• _Provided records_:
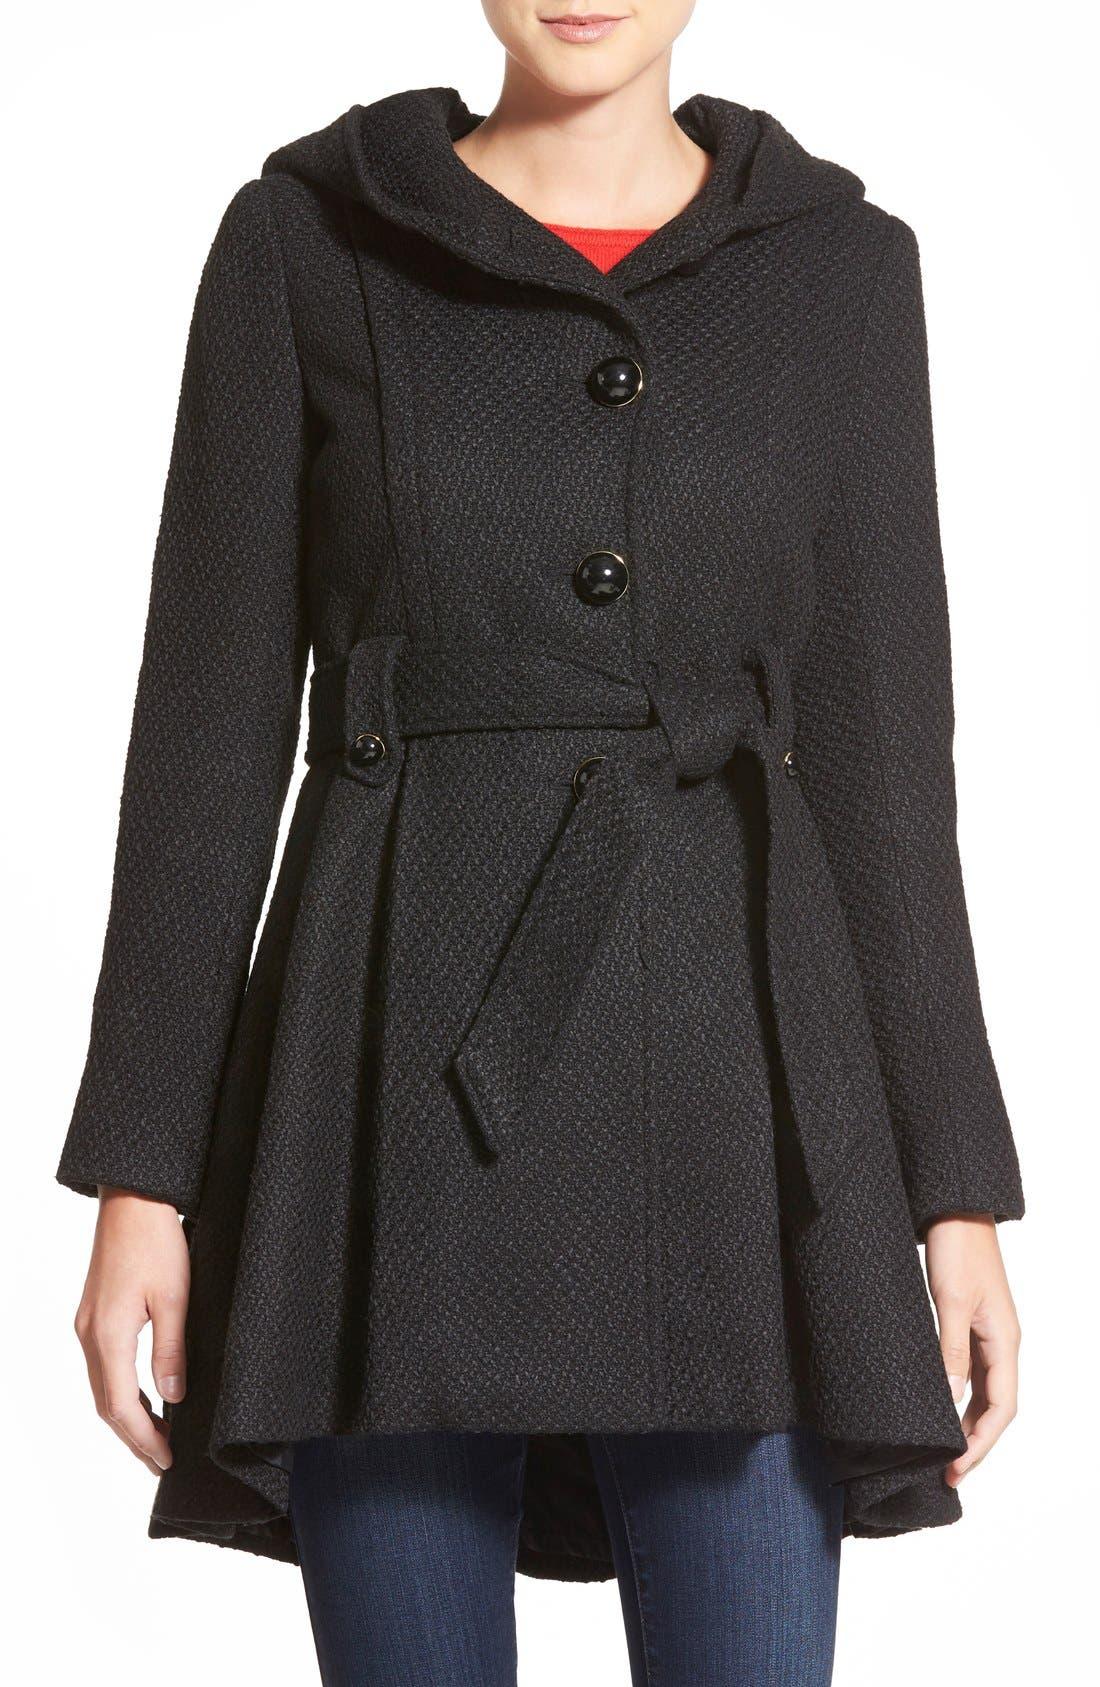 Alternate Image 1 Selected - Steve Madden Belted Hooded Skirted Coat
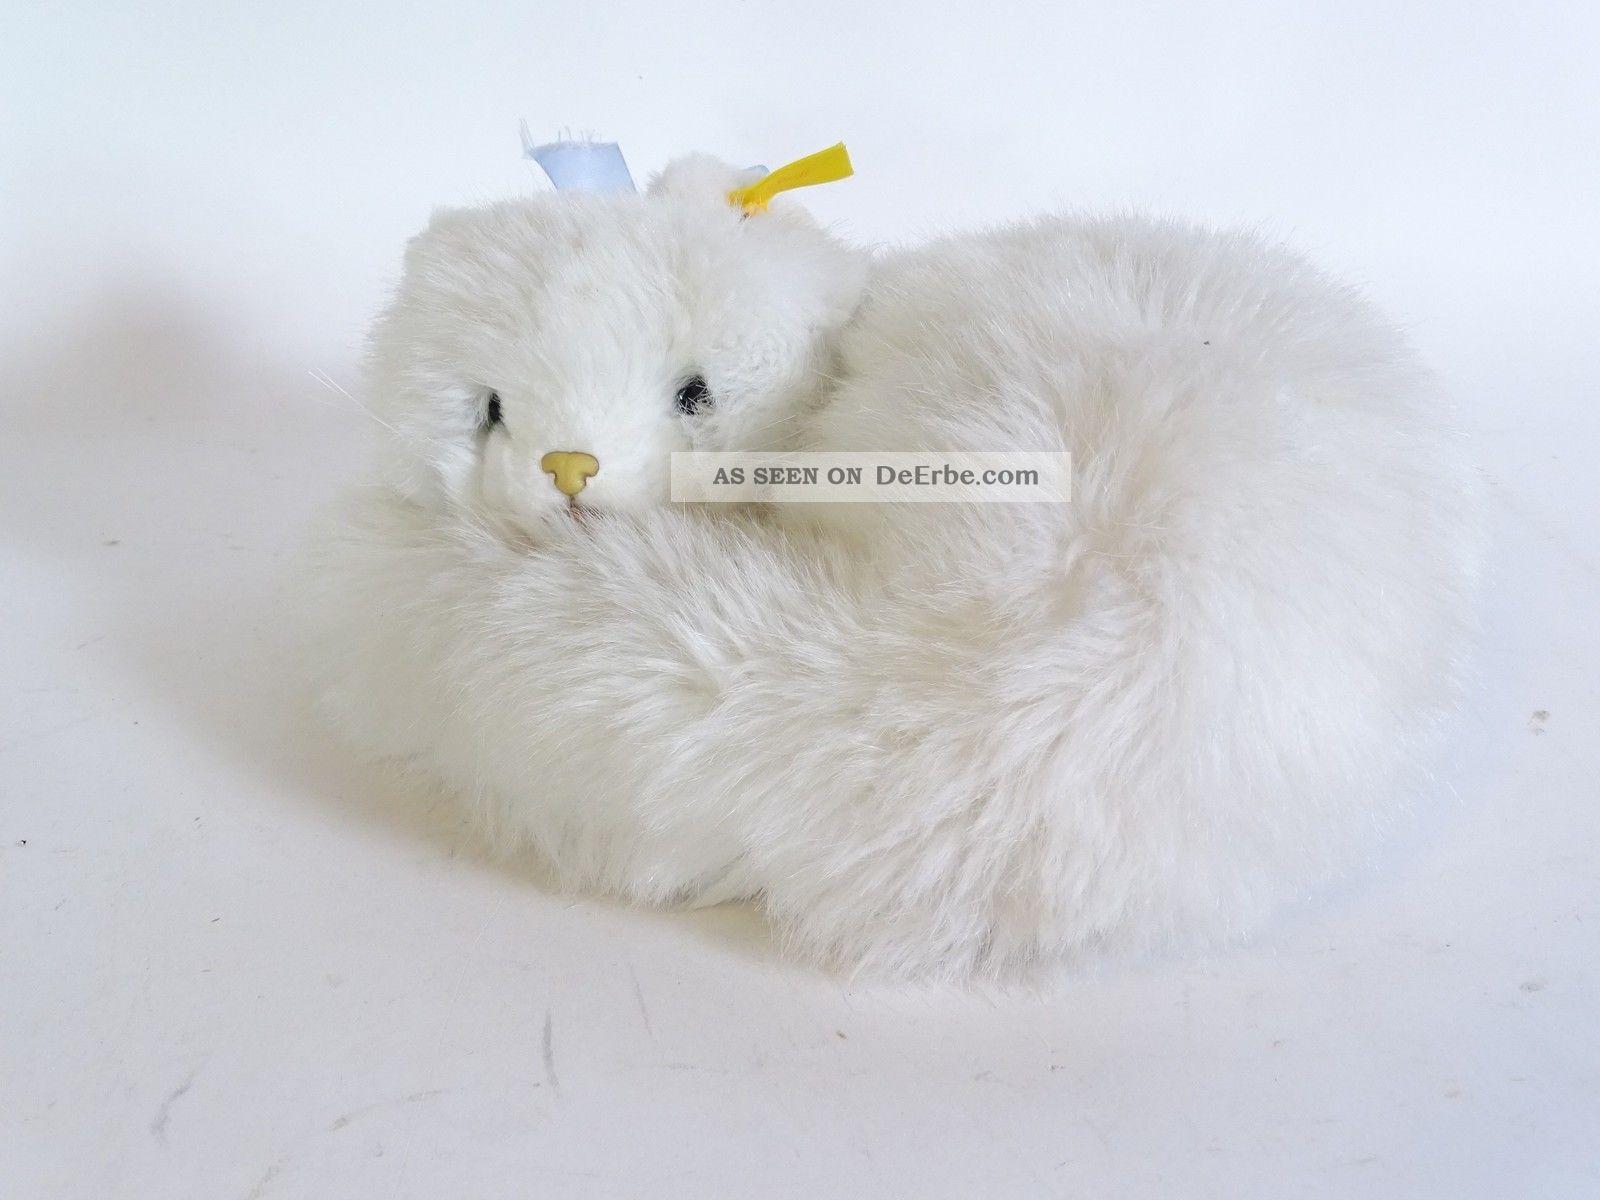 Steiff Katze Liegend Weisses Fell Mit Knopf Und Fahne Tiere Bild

--

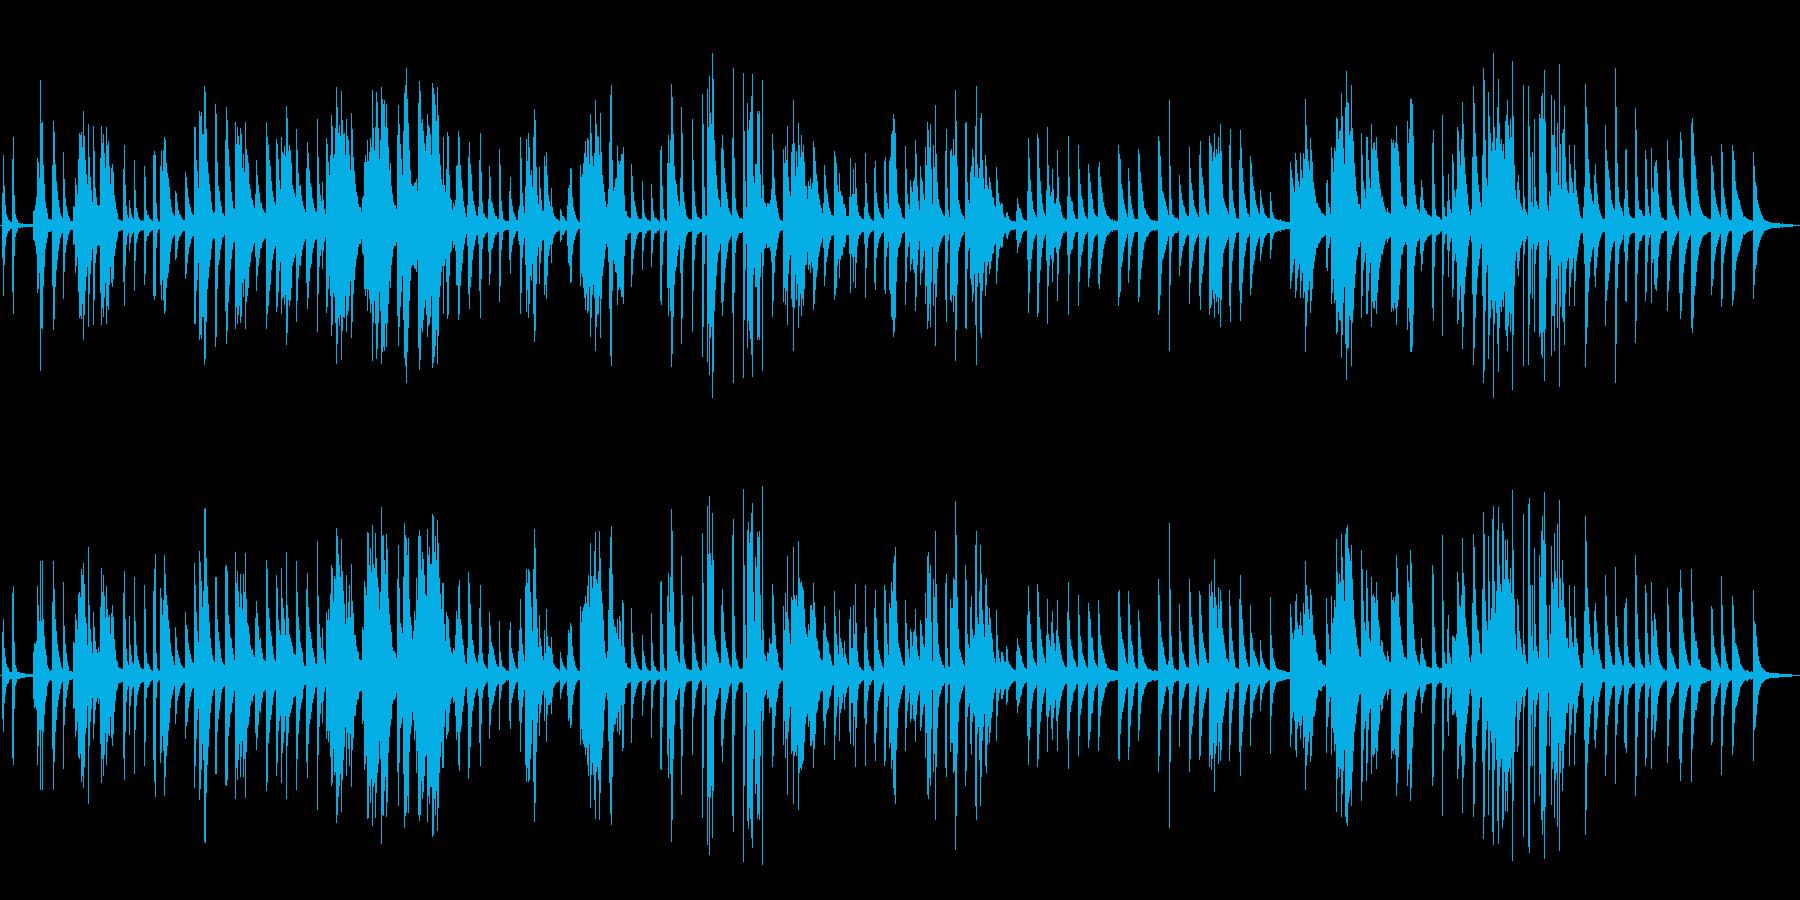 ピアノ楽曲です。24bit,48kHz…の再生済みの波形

• _Activity_: Output should consist of the lines above from the one with "Alternate Image 1" down to the one with "Steiff Katze Liegend", exact and without pictures.

• _Exercise output_:
 Alternate Image 1 Selected - Steve Madden Belted Hooded Skirted Coat
 Steiff Katze Liegend Weisses Fell Mit Knopf Und Fahne Tiere Bild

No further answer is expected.